Your assignment → Starting with the line that holds "Timex Ersatzarmband T20481", reproduce each line through the last one of the data, exactly as written. Pictures are not copied.

Stored data →
.....
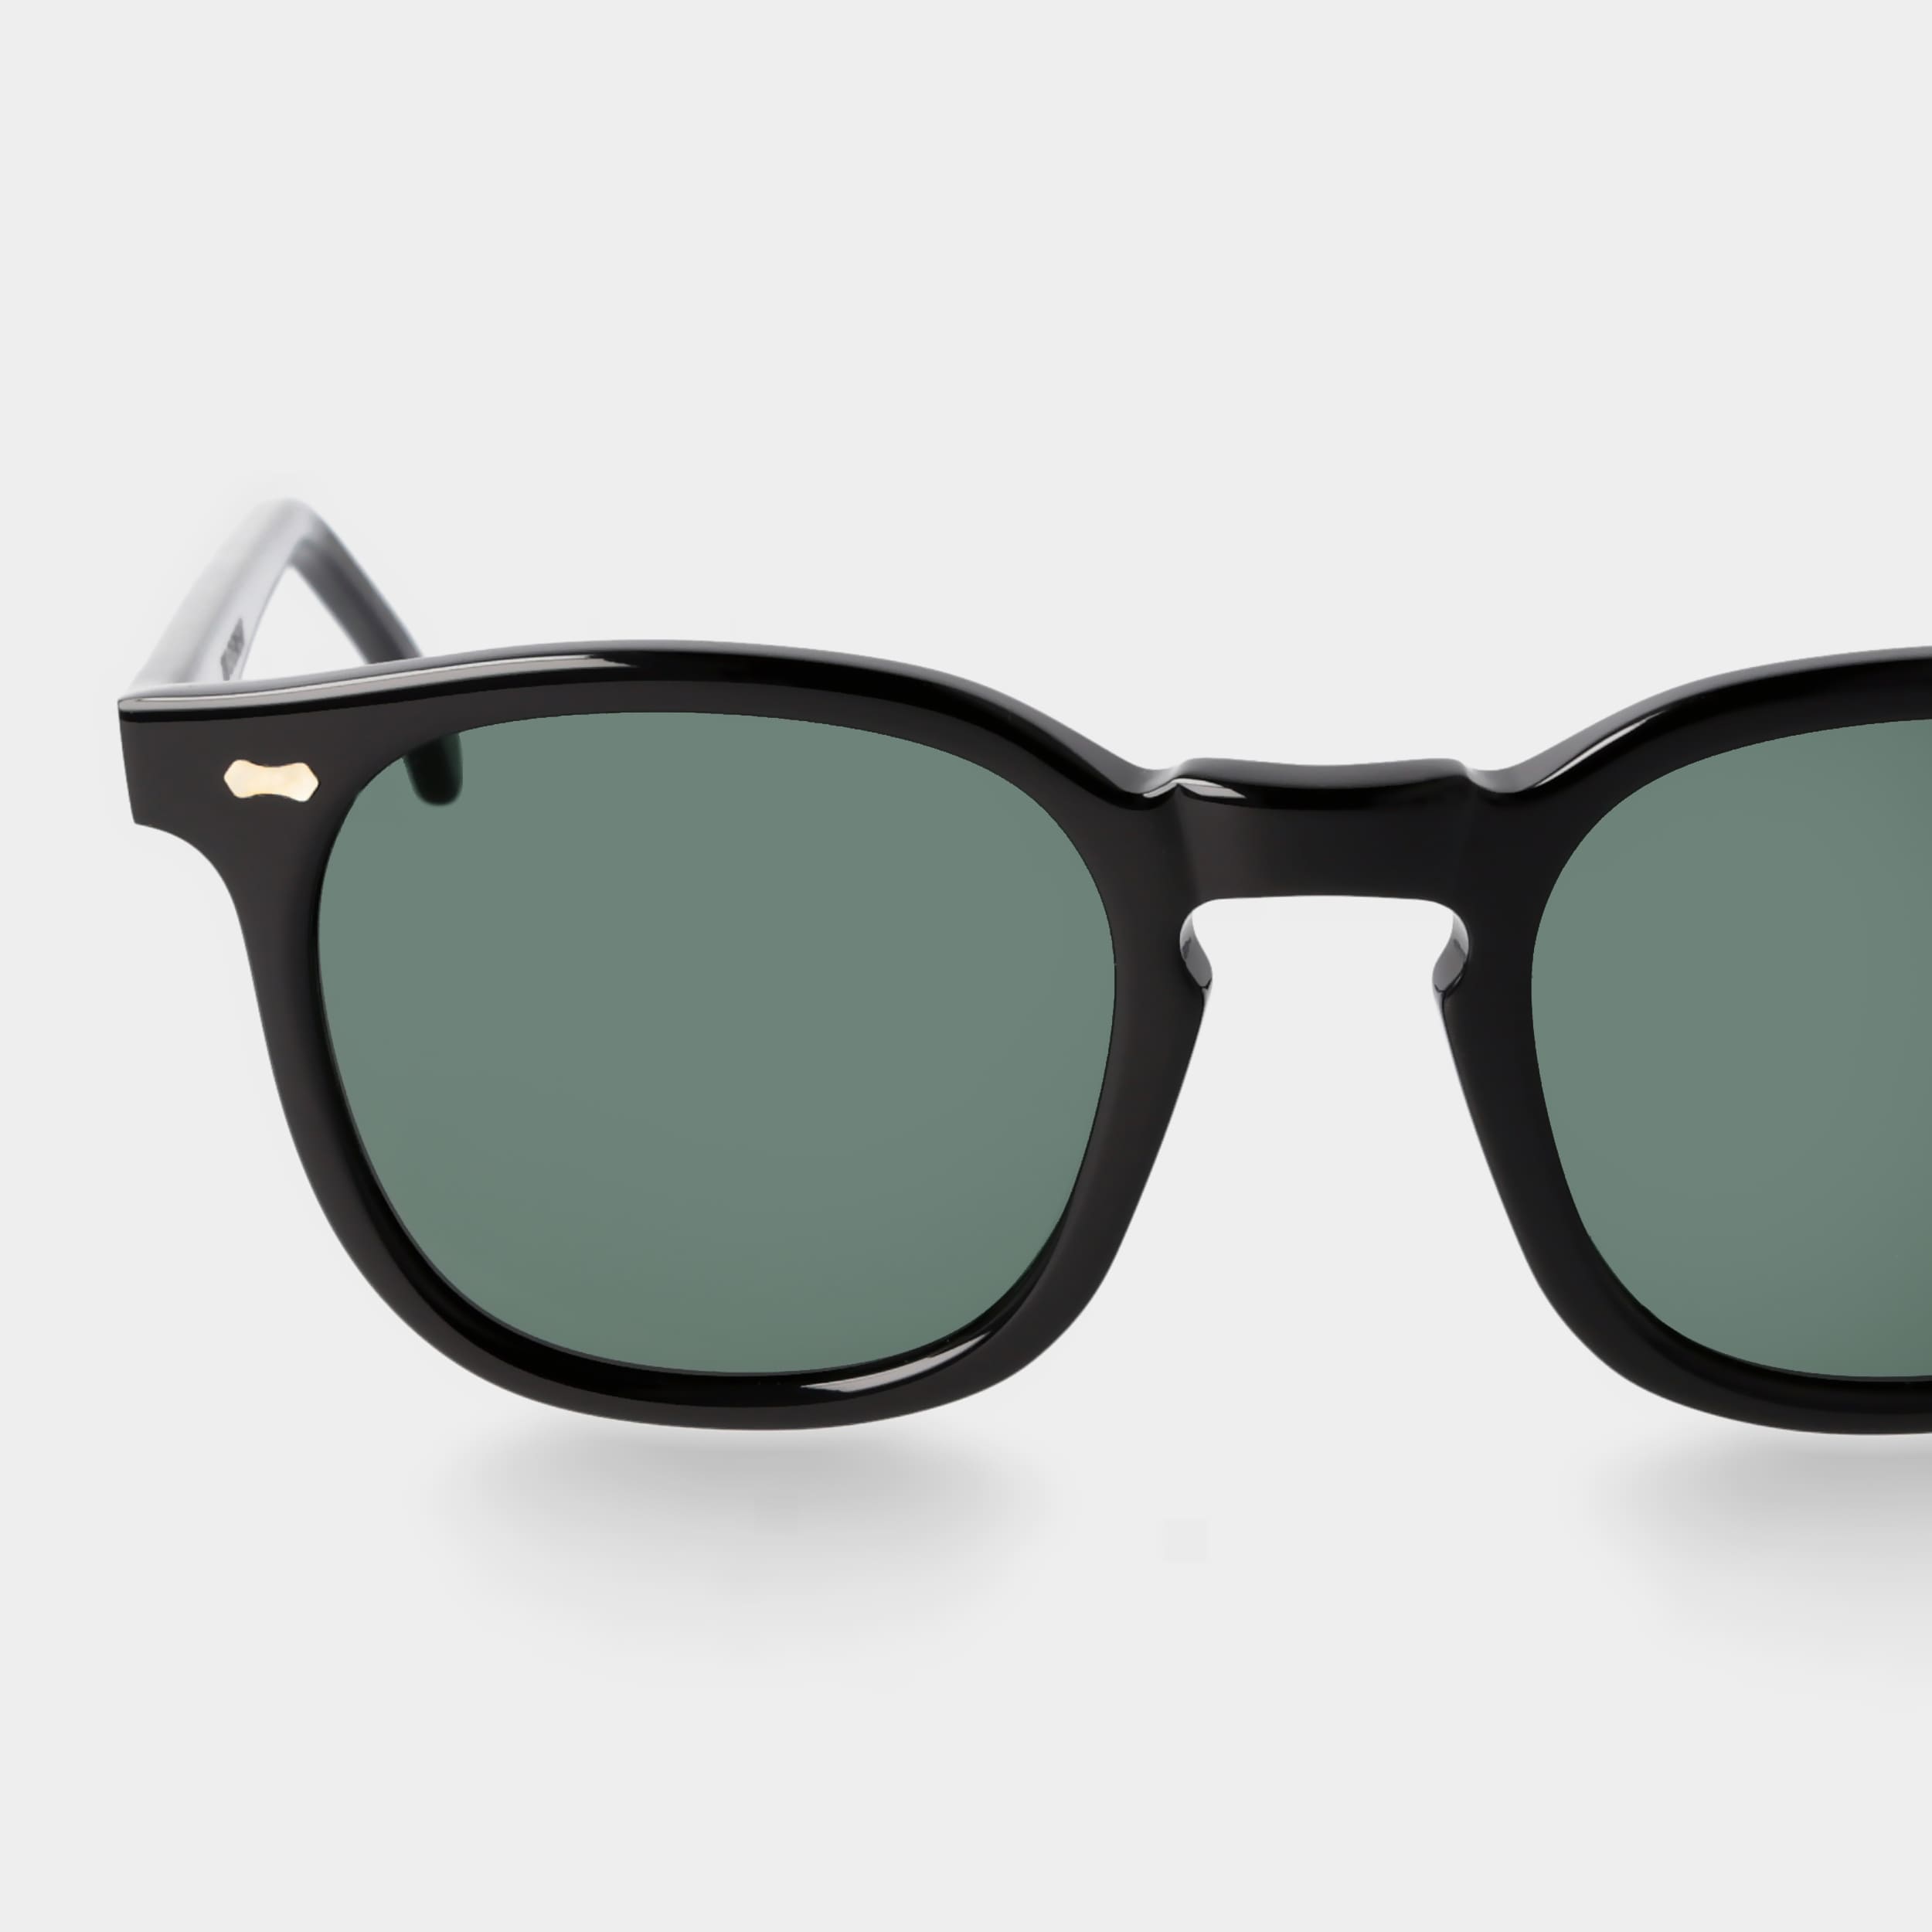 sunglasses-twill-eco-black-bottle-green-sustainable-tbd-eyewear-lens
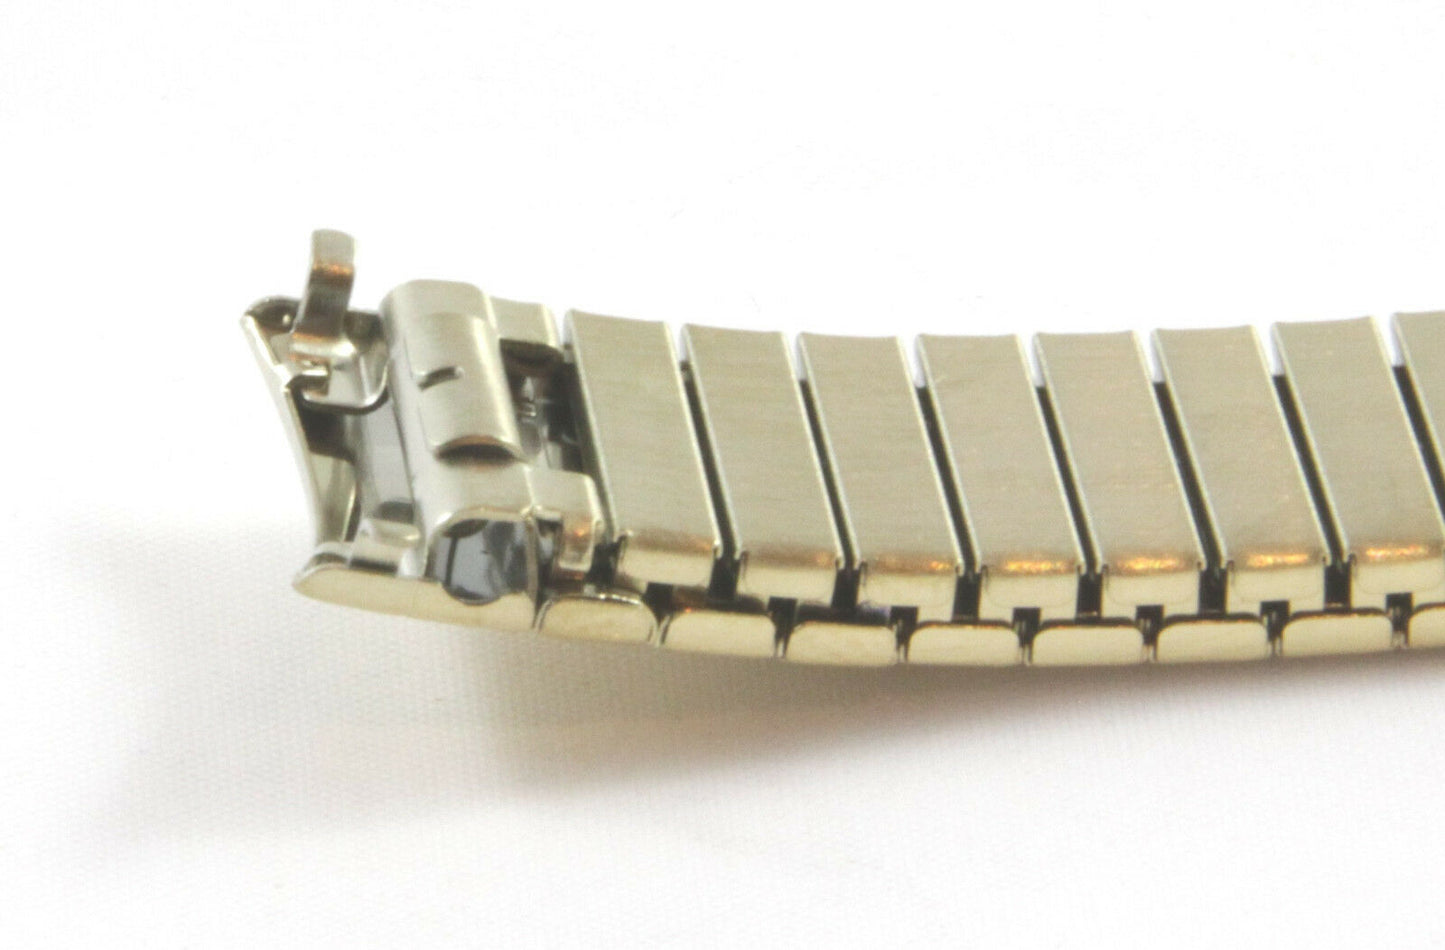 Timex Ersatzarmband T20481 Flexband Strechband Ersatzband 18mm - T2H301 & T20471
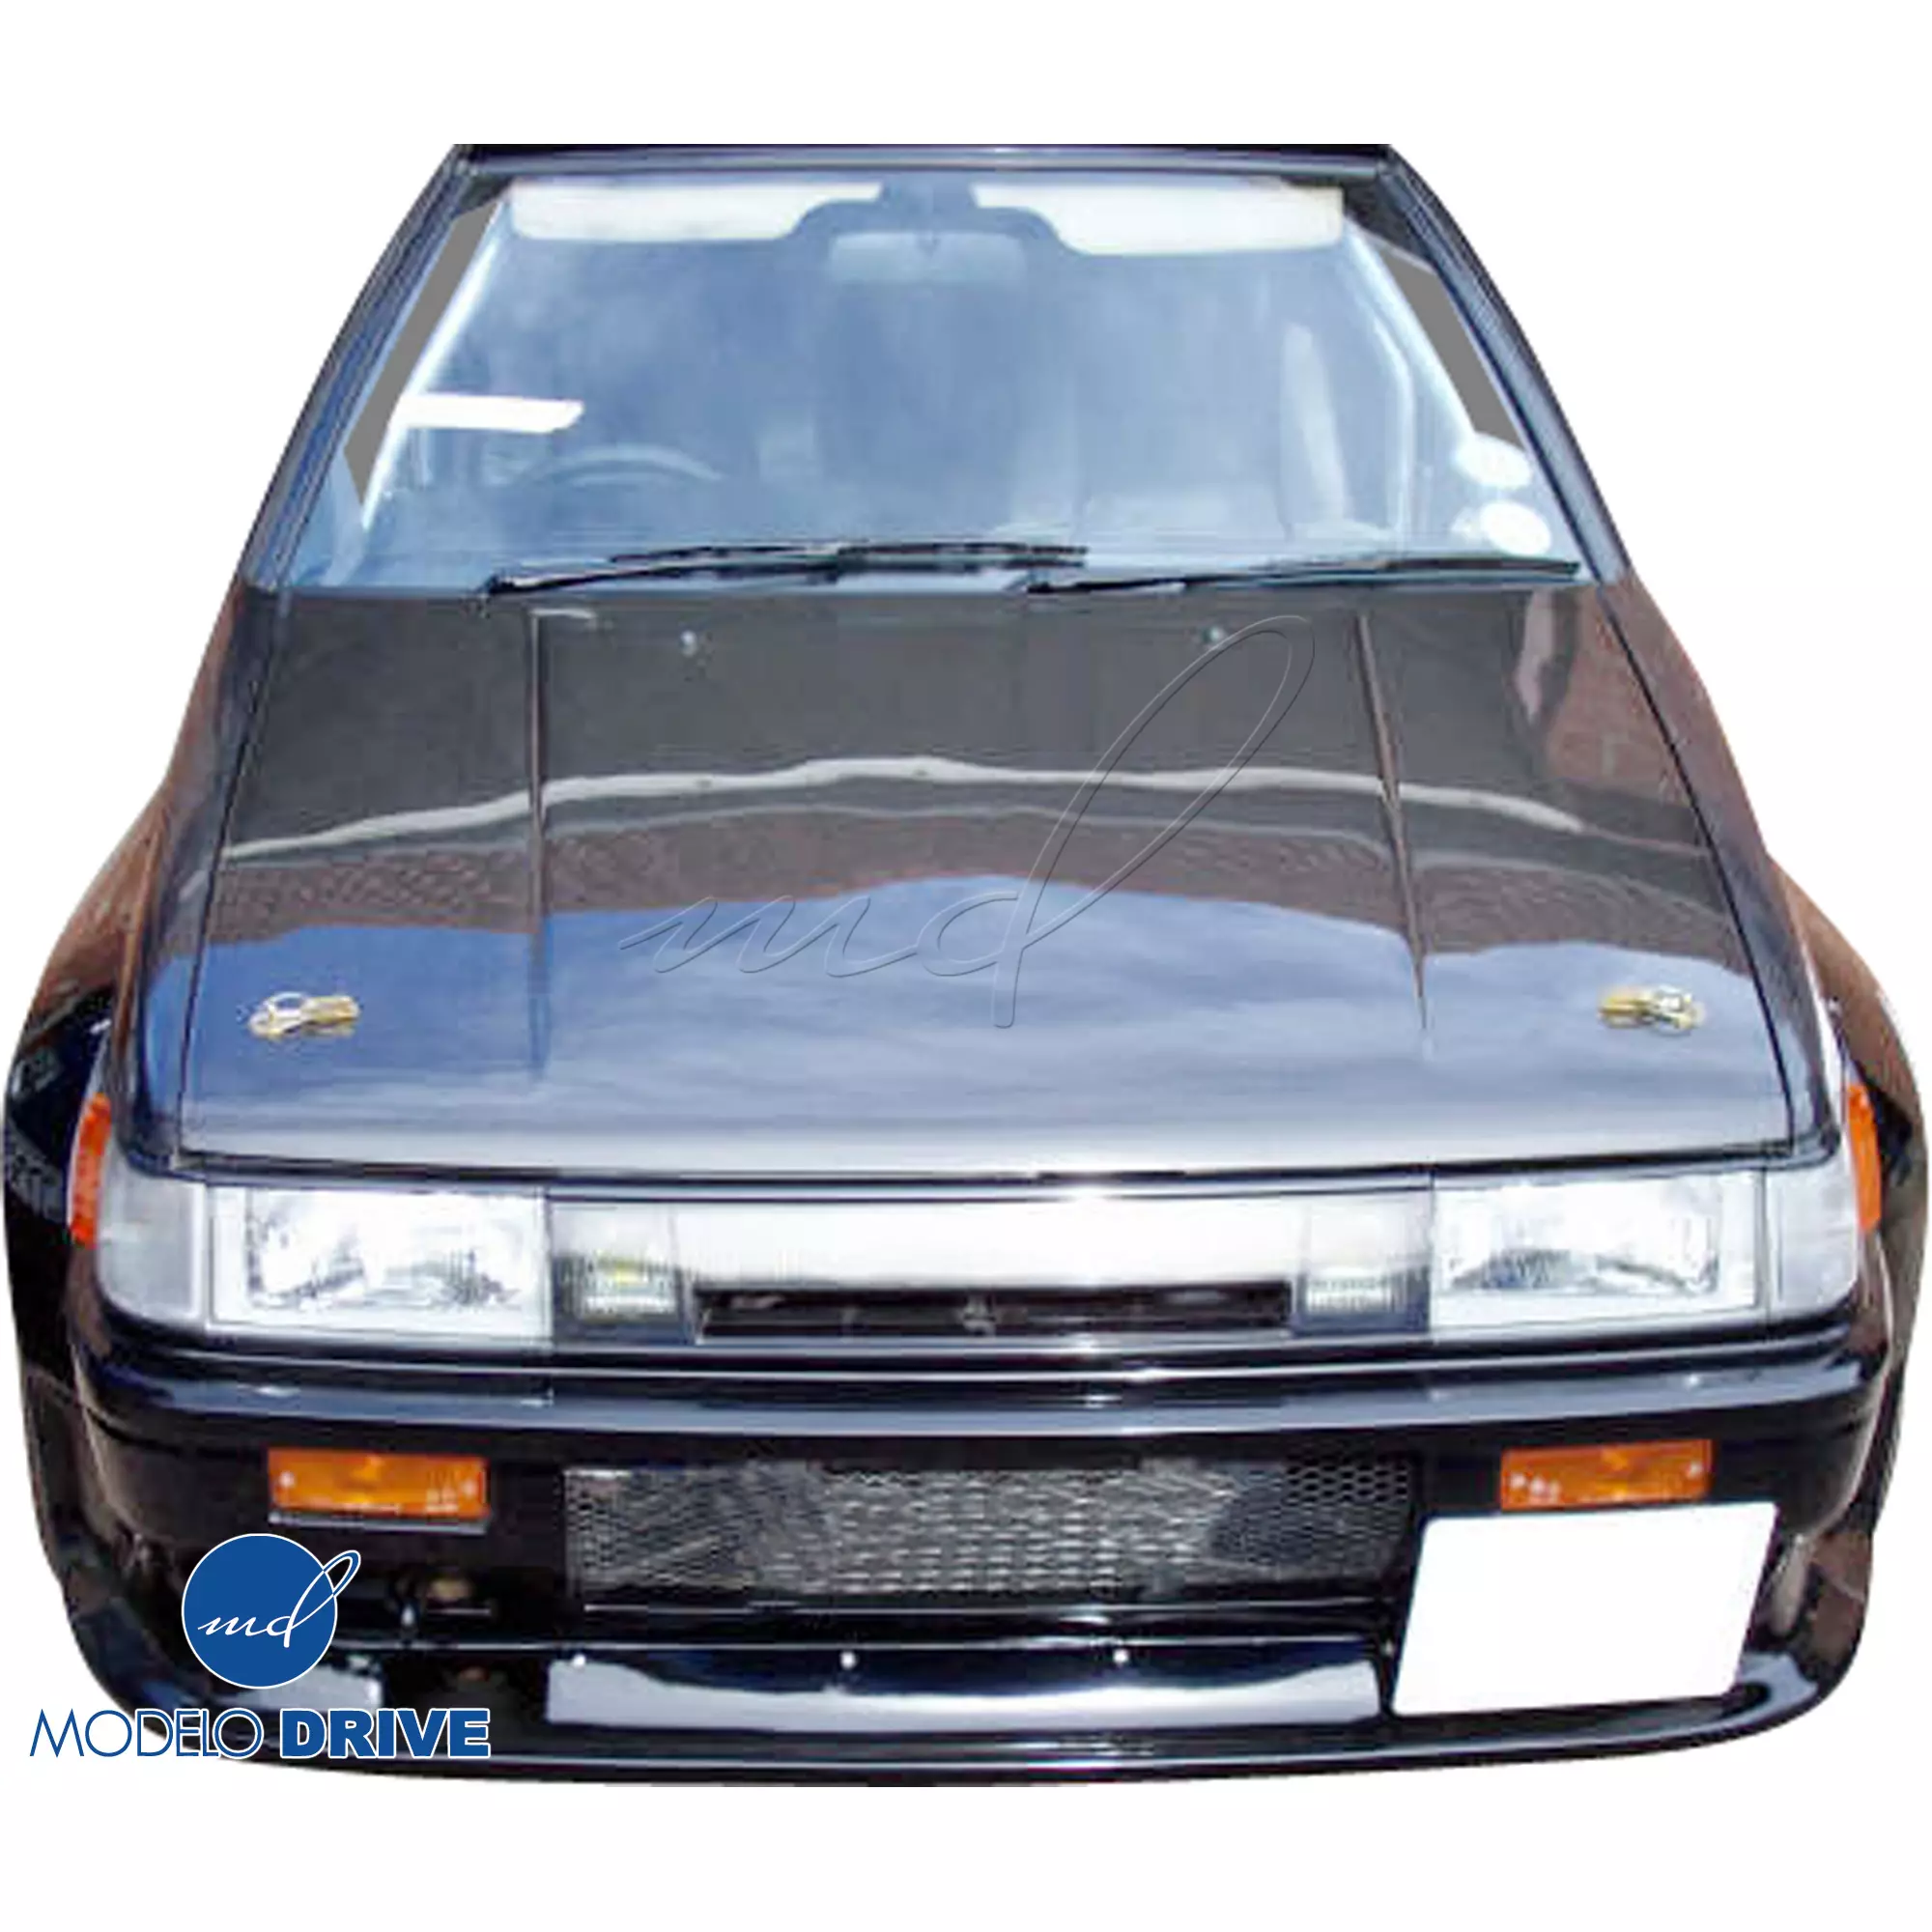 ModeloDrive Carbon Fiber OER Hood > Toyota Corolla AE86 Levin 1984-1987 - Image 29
.....
Solution below →
 Timex Ersatzarmband T20481 Flexband Strechband Ersatzband 18mm - T2H301 & T20471
 ModeloDrive Carbon Fiber OER Hood > Toyota Corolla AE86 Levin 1984-1987 - Image 29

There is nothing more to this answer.